Authority in Colin Duffy case rests with London tribunal

Colin Duffy Image copyright Pacemaker
Image caption Colin Duffy is one of three men facing trial on charges of belonging to an IRA grouping, and attempting to murder members of the PSNI

High Court judges have ruled they have no jurisdiction to hear a legal challenge by republican Colin Duffy.

Exclusive authority for determining the case was held to rest with London's Investigatory Powers Tribunal.

Mr Duffy, 48, is challenging the government for allegedly refusing to guarantee his meetings with lawyers were not under covert surveillance.

He is one of three men facing trial on charges of being in an IRA grouping, and attempting to murder PSNI members.

They face further counts of possessing firearms and ammunition, and conspiracy to murder security force members.

The alleged offences are connected to a gun attack on a police convoy in north Belfast.

A PSNI Landrover and two accompanying vehicles came under fire on the Crumlin Road in December 2013.

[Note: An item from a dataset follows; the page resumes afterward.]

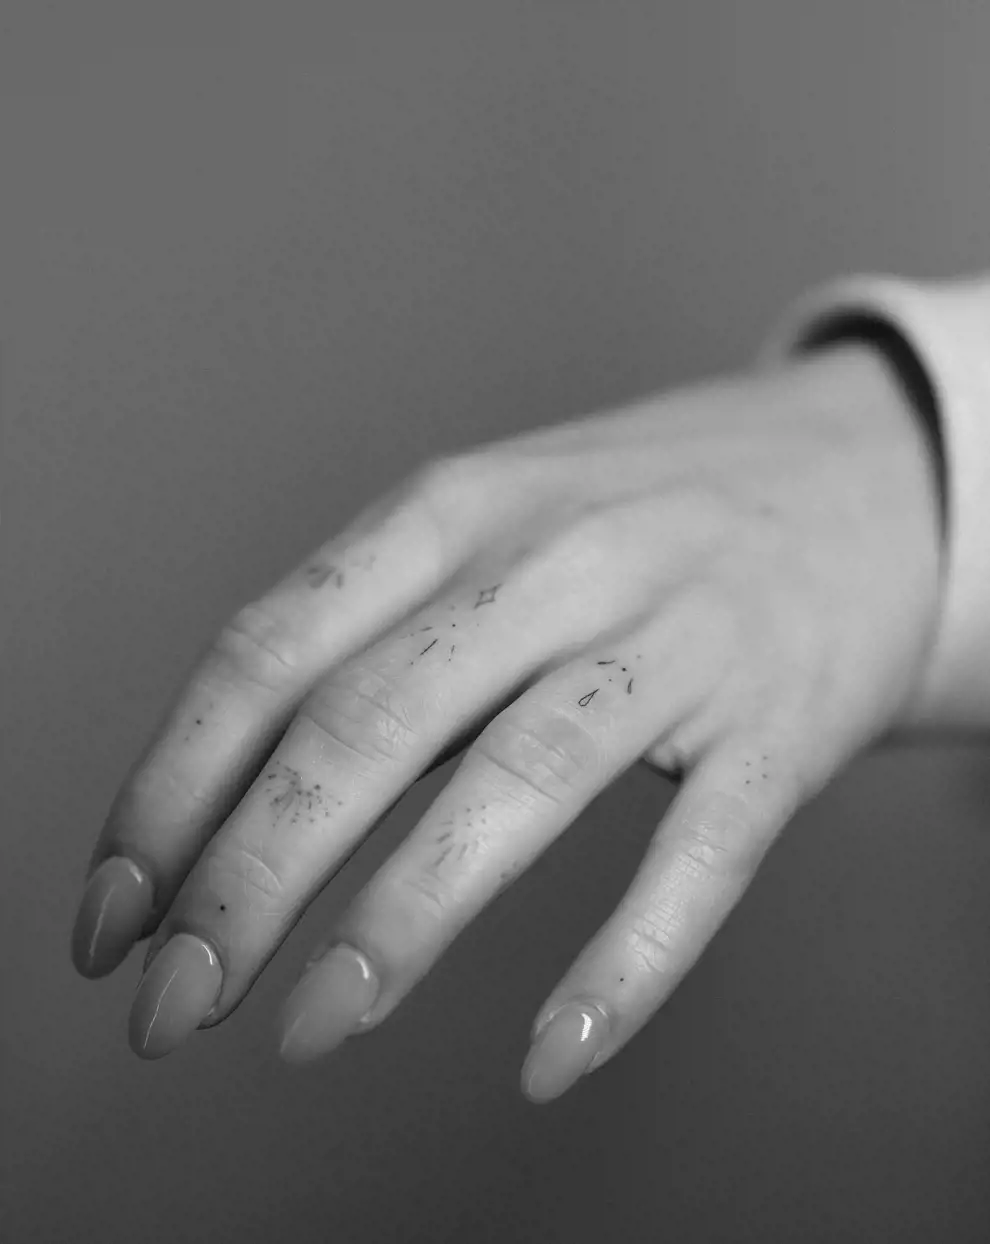 Tatuajes pequeños para mujer: ornamental en la mano

Mr Duffy, from Lurgan, County Armagh, is charged along with Alex McCrory, 54, from Sliabh Dubh View in Belfast; and Henry Fitzsimons, 47, of no fixed address.

Assurances

Separate legal proceedings were launched in an effort to gain assurances that the security services were not listening in to Mr Duffy's legal consultations.

He was said to have received satisfactory assurances from the Prison Service, Courts and Tribunal Service and the National Crime Agency.

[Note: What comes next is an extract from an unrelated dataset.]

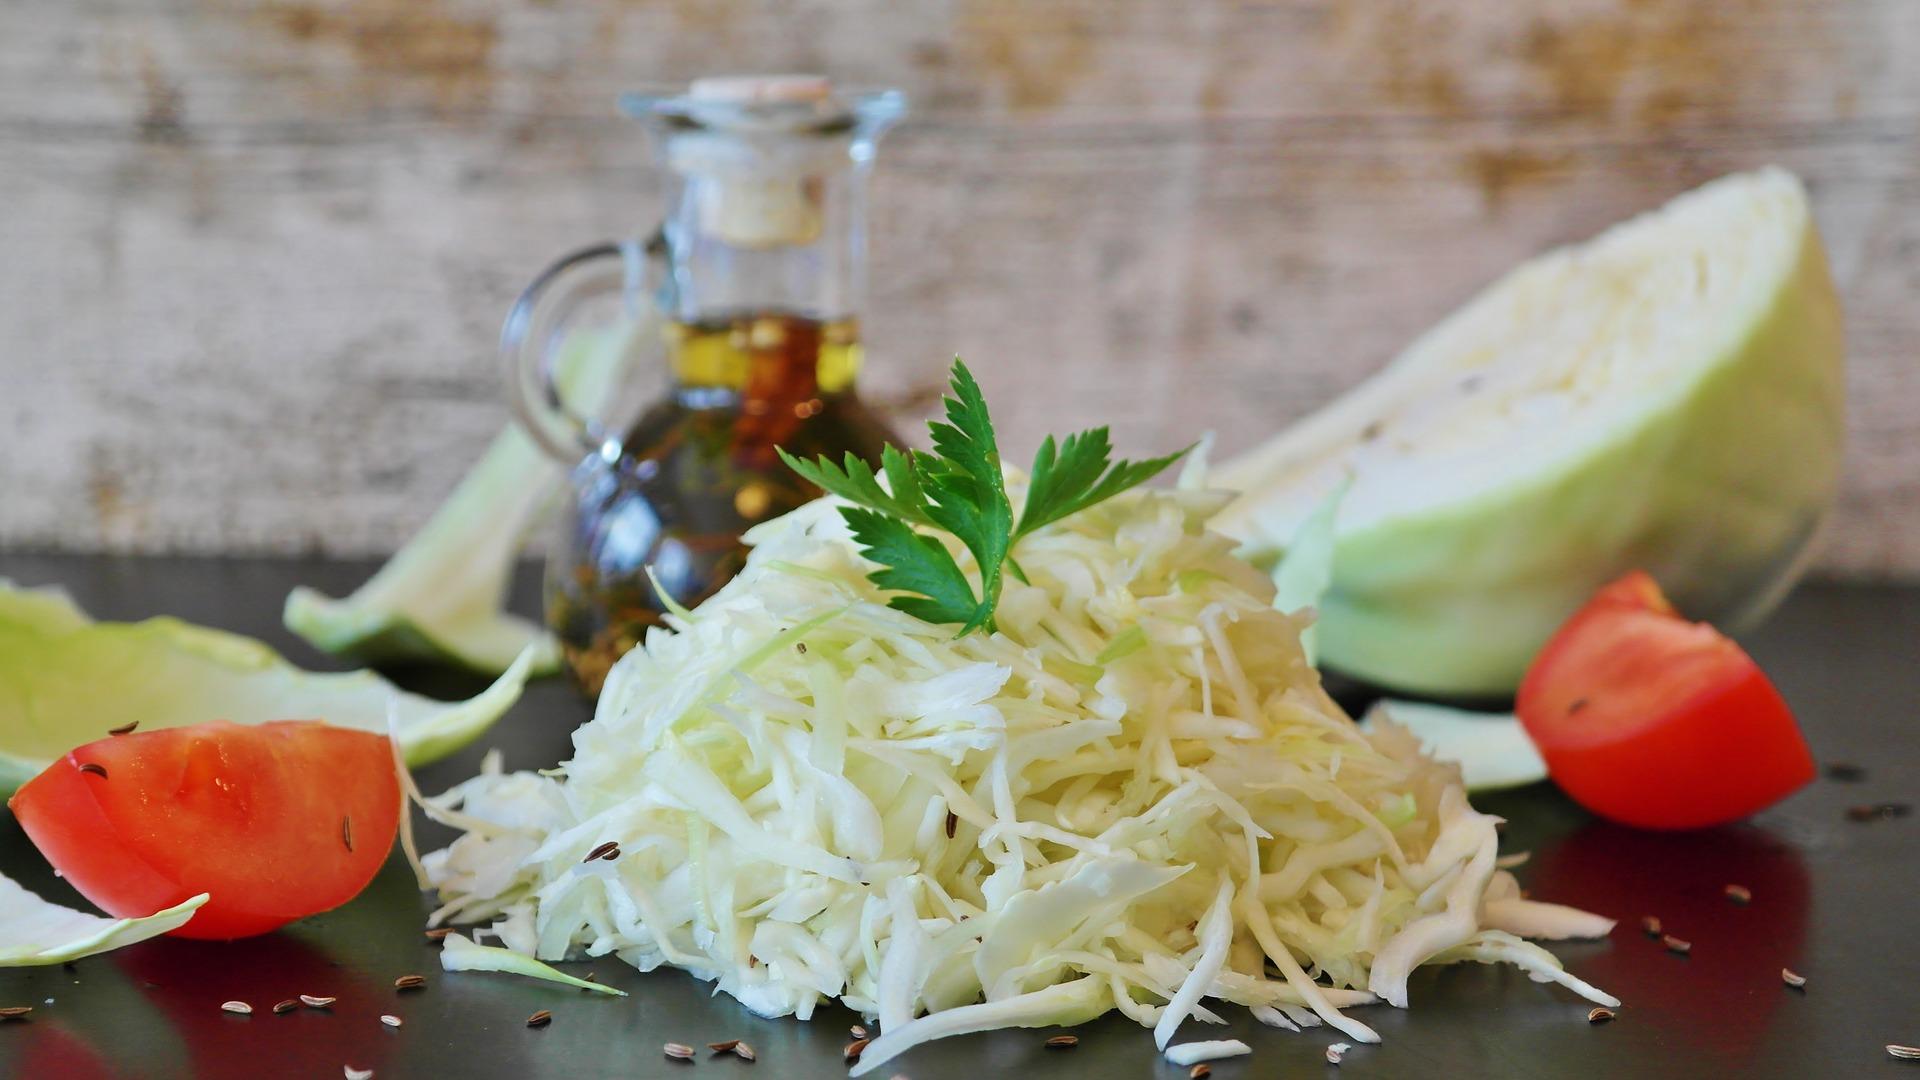 Die leckersten 5 Weißkohl-Salate für jede Jahreszeit - DIY-Family

But no such guarantee was given by the Home Office.

A panel of three senior judges had to first determine if they had authority to deal with the case, or if the issues should go before the Investigatory Powers Tribunal set up to monitor surveillance authorised under the 2000 Regulation of Investigatory Powers Act (RIPA).

The tribunal sits as an independent court to decide on allegations of unlawful intrusion by public bodies and claims under the Human Rights Act.

Delivering judgment, Lord Justice Weatherup held that the proceedings were directed against the secretary of state as representative of the intelligence services.

He confirmed: "We are satisfied that the Divisional Court (of the High Court) does not have jurisdiction to hear this application for judicial review, and that exclusive jurisdiction lies with the Investigatory Powers Tribunal."